It can be regarded as version 1.0 of this script However, after the script test a few days ago, I found that many id posts have the situation that the topic has been deleted or the topic does not exist, which greatly affects the efficiency in the process of executing the code Therefore, a script is needed to collect val id post IDs

First of all, we get the subject information of the post by grabbing the package. Finally, we get such a url

http://floor.huluxia.com/post/detail/ANDROID/4.1?post_id=1

This url returns a string of json structure data. Let's format it to see the structure

Let's look at a deleted post link

http://floor.huluxia.com/post/detail/ANDROID/4.1?post_id=112333

Finally, let's look at a non-existent post link

http://floor.huluxia.com/post/detail/ANDROID/4.1?post_id=112333231221321

Observe their features. The features returned by deleted and non-existent posts are easier to be captured by crawlers. We take these two cases as the judgment conditions Start to construct python code, first import the module we want to use and define the url

import requests
import json

url = "http://floor.huluxia.com/post/detail/ANDROID/4.1?post_id=%s"
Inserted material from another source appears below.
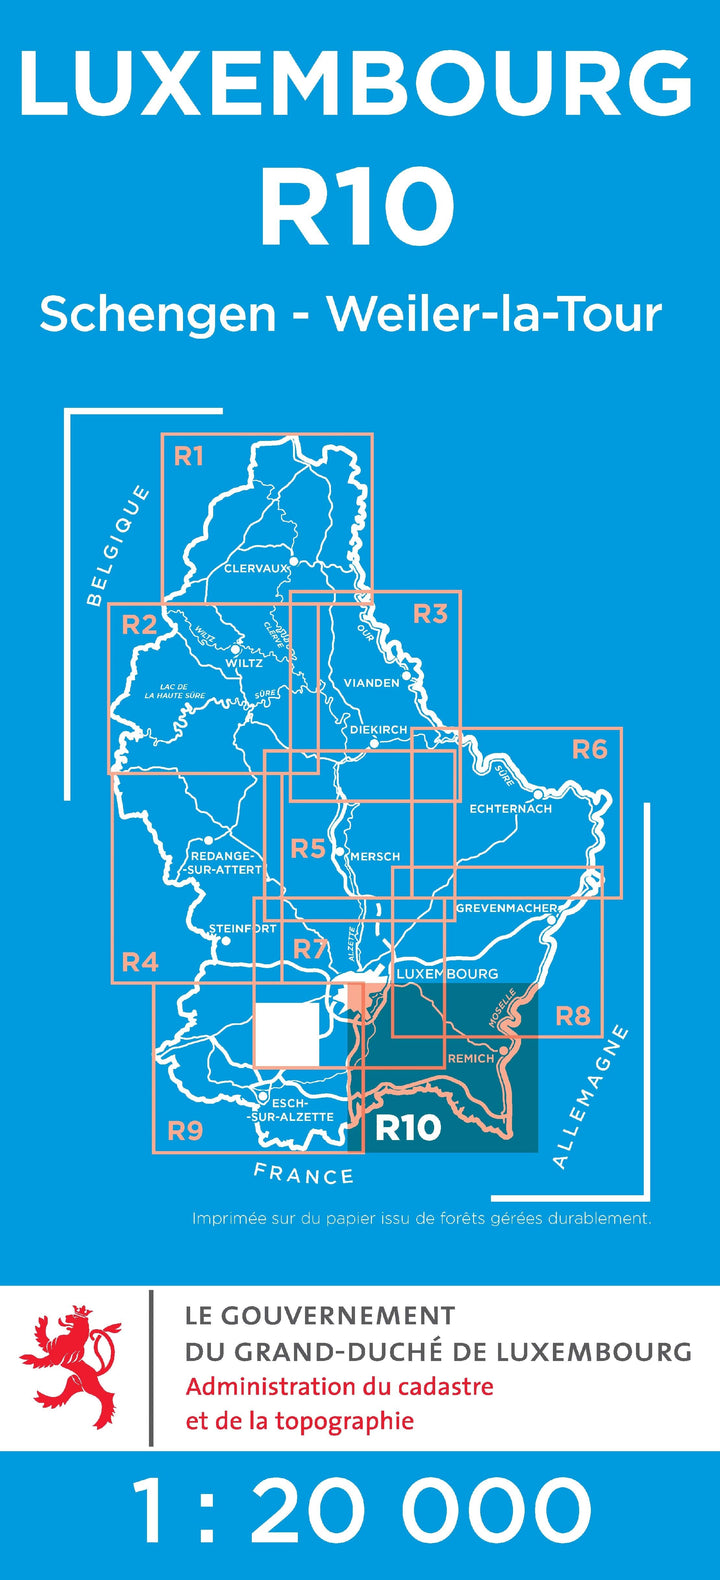 Carte topographique n° R10 - Schengen, Weiler-la-tour (G.D de Luxembourg) carte pliée Service topographique du Luxembourg

Then we write a for loop and assign values from 1 to traverse the post id, and use json Loads parses the returned json data

for post_id in range(1, 50000000):
    post_data = requests.get(url % post_id)
    post_json_data = json.loads(post_data.text)

The following features can be clearly seen from the just pictures: If the post is deleted, the returned title is / topic has been deleted/ The post does not exist. One key value pair in the returned json is "code":104 Except for these two states, the rest is normal Thus, you can write an if elif loop to match the string

if '"code":104' in post_data.text:
    print("Posts ID: %d" % post_id + " Status: topic does not exist")
elif "/* Topic deleted */" in post_data.text:
    print("Posts ID: %d" % post_id + " Status: topic deleted")
else:
    print("Posts ID: %d" % post_id + " Status: this topic is normal")

When the "this topic is normal" condition is met, our write function writes the valid id to the text file By the way, another text file is continuously updated with the id of the loop to facilitate the next backtracking of the crawl progress The complete code is as follows:

import requests
import json

url = "http://floor.huluxia.com/post/detail/ANDROID/4.1?post_id=%s"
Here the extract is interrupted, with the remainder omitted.